I can confirm, and fully expect this to be impossible on the 10/100 switch ports (FastEthernet0-3), as the chip they're attached to (usually something like 88E6063 plain doesn't support it) but there is no such hardware limitation on the FE port attached directly to the CPU (WAN/FastEthernet4)

The question is basically: Has Cisco actually implemented "baby jumbo" (1500-1600 byte) frames on the 800 series FE WAN port, that would be needed to support the "tag ppp-max-payload" command! Thought this'd be an easy one!

2 Replies 2

Matthew Millman
Level 1
Level 1

After getting one to experiment with, I think I can now answer my own question.

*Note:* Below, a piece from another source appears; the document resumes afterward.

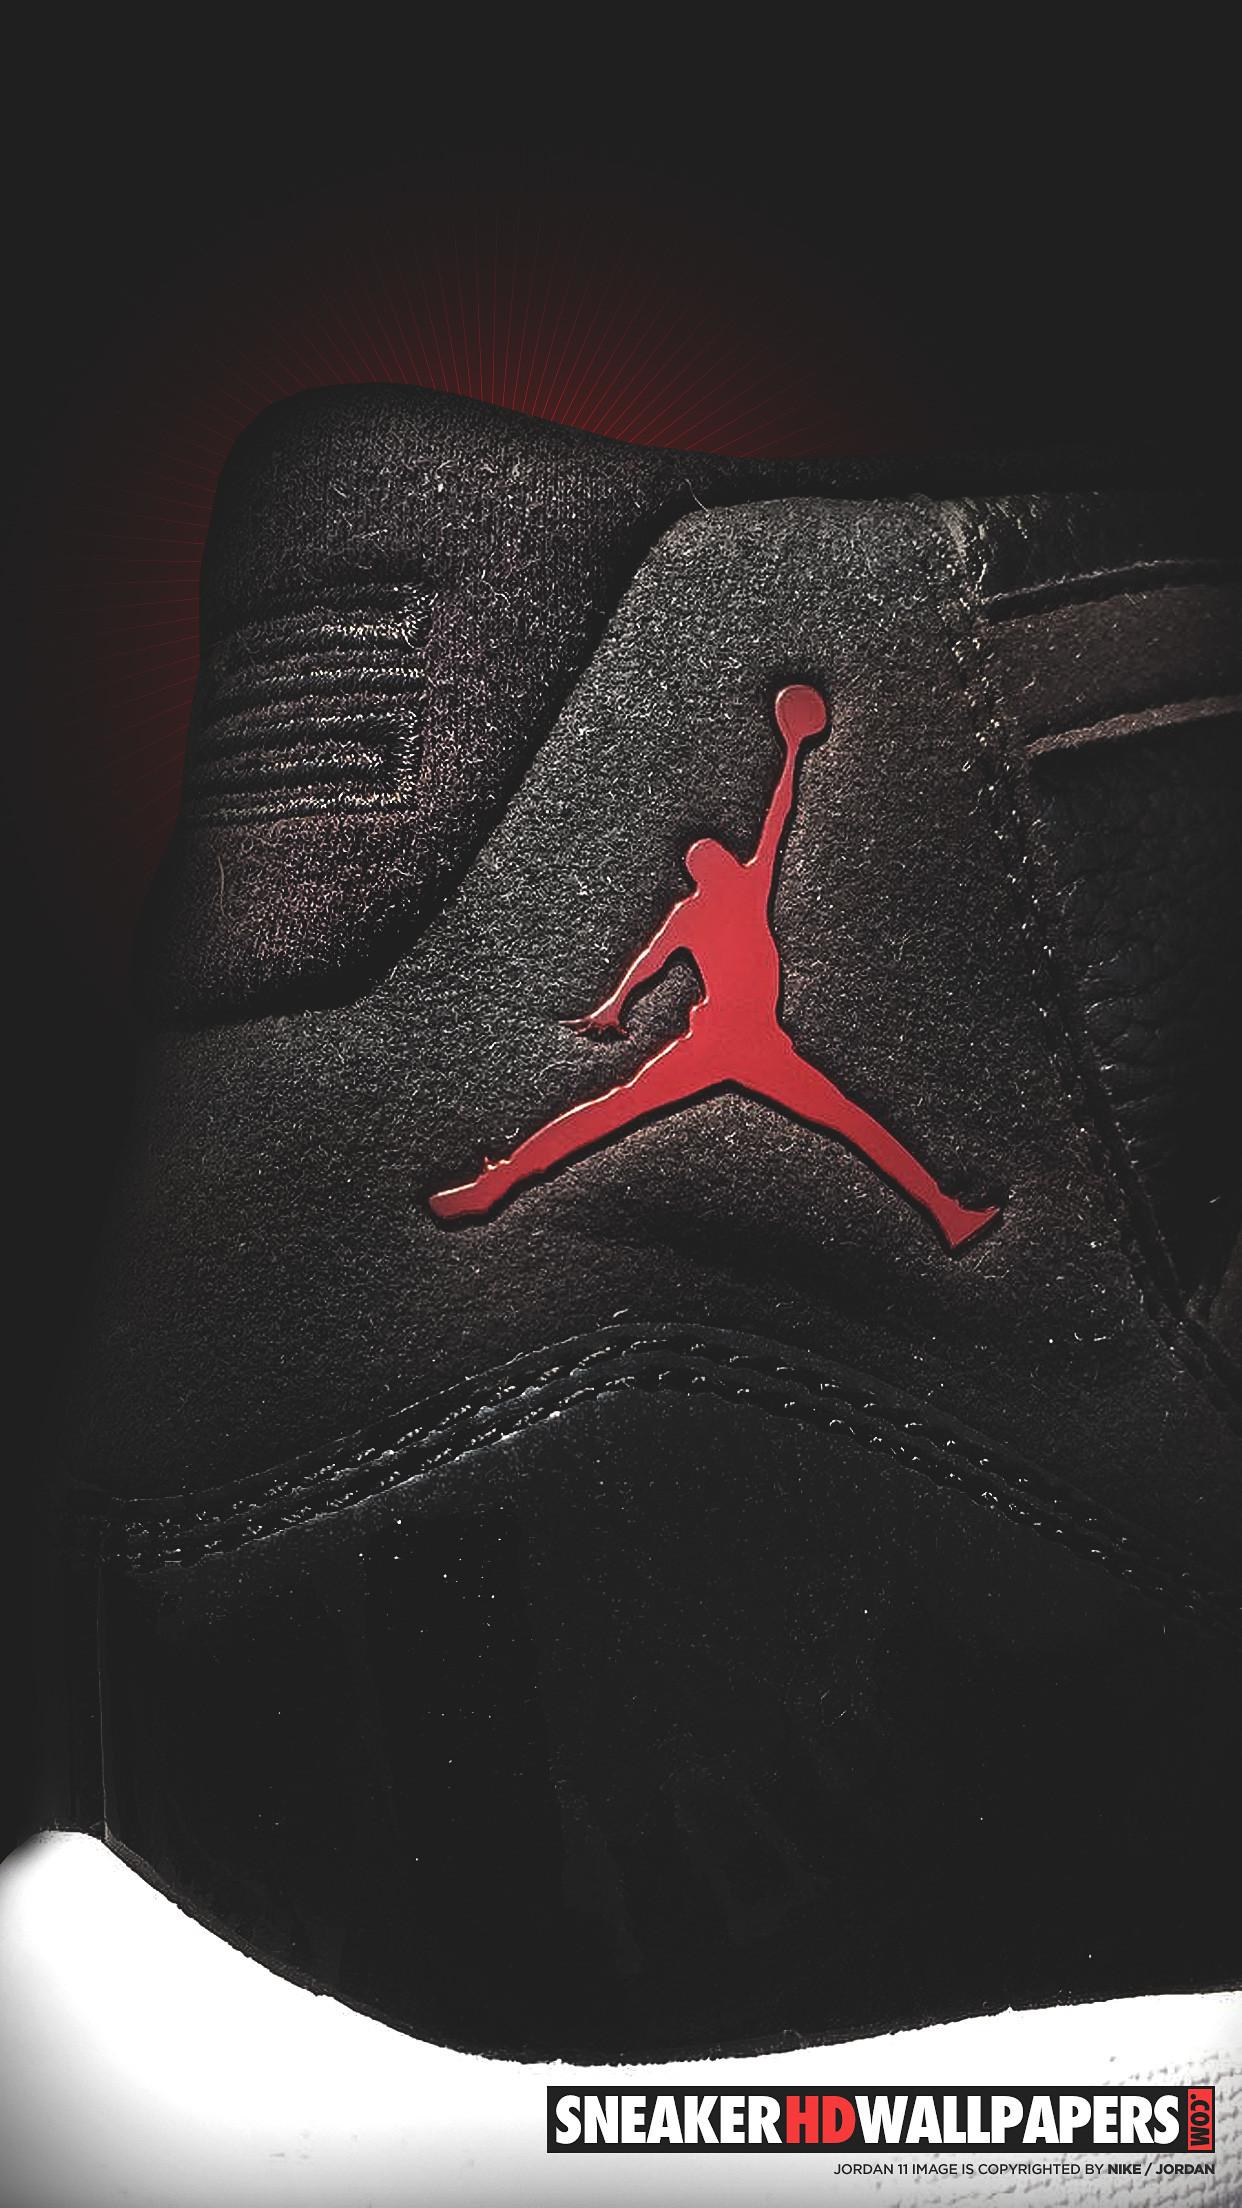 Jordan logo backgrounds 62 pictures 1920x1080 1920x1080 michael jordan background hd voltagebd Choice Image
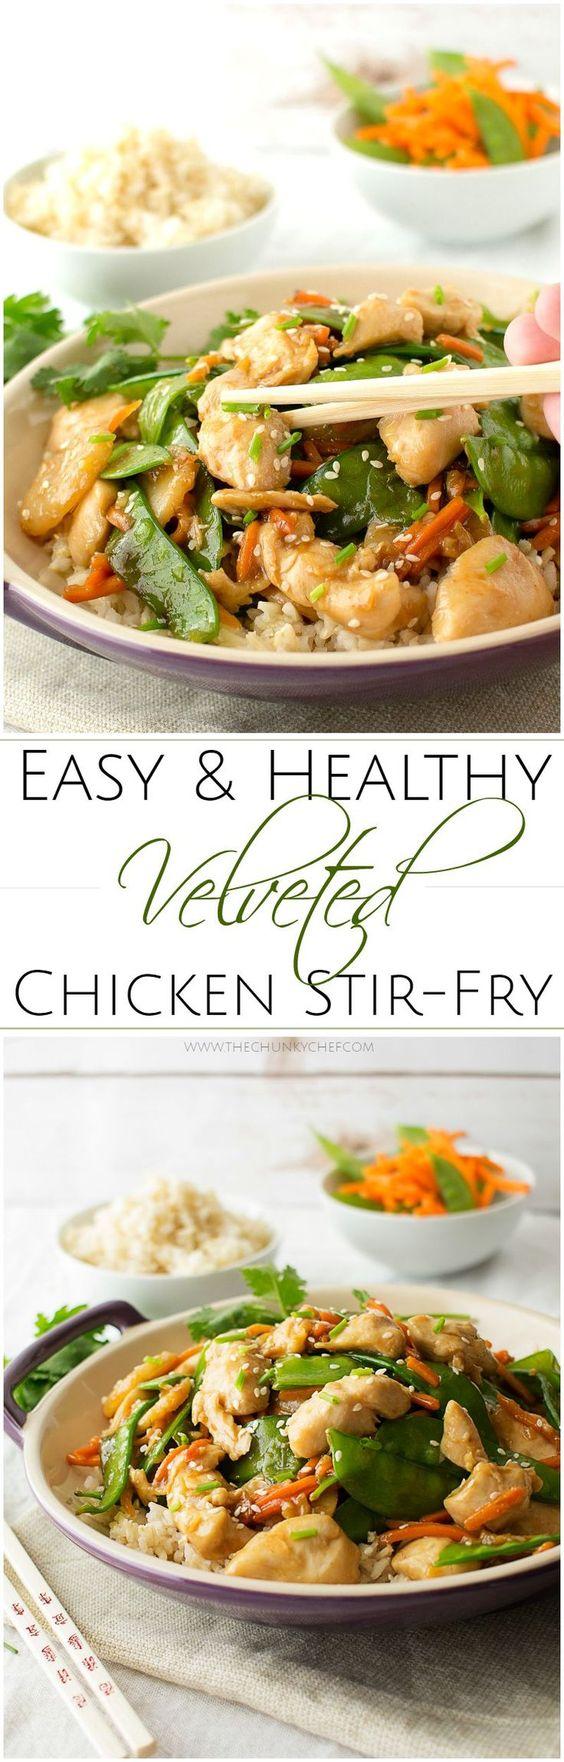 Stir-Fried Velvet Chicken With Snap Peas And Lemon-Ginger Sauce Recipe ...

Running 15.1(4)M2, Attempts to set MTU on FE4 resulted in "Interface FastEthernet4 does not support user settable mtu.". This lead me to suspect that all 5 of the rear ports are connected to the L2 switch, with a little software trickery to make FE4 appear like a real standalone ethernetnet interface, when it isn't. Likely to save $1 on parts.

Examination of the routers internals confirms this. Given that there's no "system mtu" configuration option, every port will always be stuck on MTU 1500.

(Interestingly there's an alternate path from FE4 back to the CPU, via a 'non-fitted' chip about the right size to be a 10/100 PHY. Maybe Cisco were going to give it a real WAN port but changed their mind at the last minute)

So does this mean RFC 4638 would work? If so, I have no idea how; but I suspect, probably not. Time for an ISR...

Matthew Millman
Level 1
Level 1

I can confirm this has a good chance of working on a C1841 running c1841-adventerprisek9-mz.151-4.M2.bin

Router(config)#interface FastEthernet 0/0

Router(config-if)#mtu ?

  <64-1600>  MTU size in bytes

Router(config-if)#mtu 1600

Router(config-if)#

That looks like baby jumbo's to me. Doesn't work with anything less than Advanced Enterprise images. A tad overkill when all you want it for is PPPoE.

I know this feature was added for use with MPLS, so don't yet know if the PPPoE layer will work with it, I'll test it sometime in the next few weeks.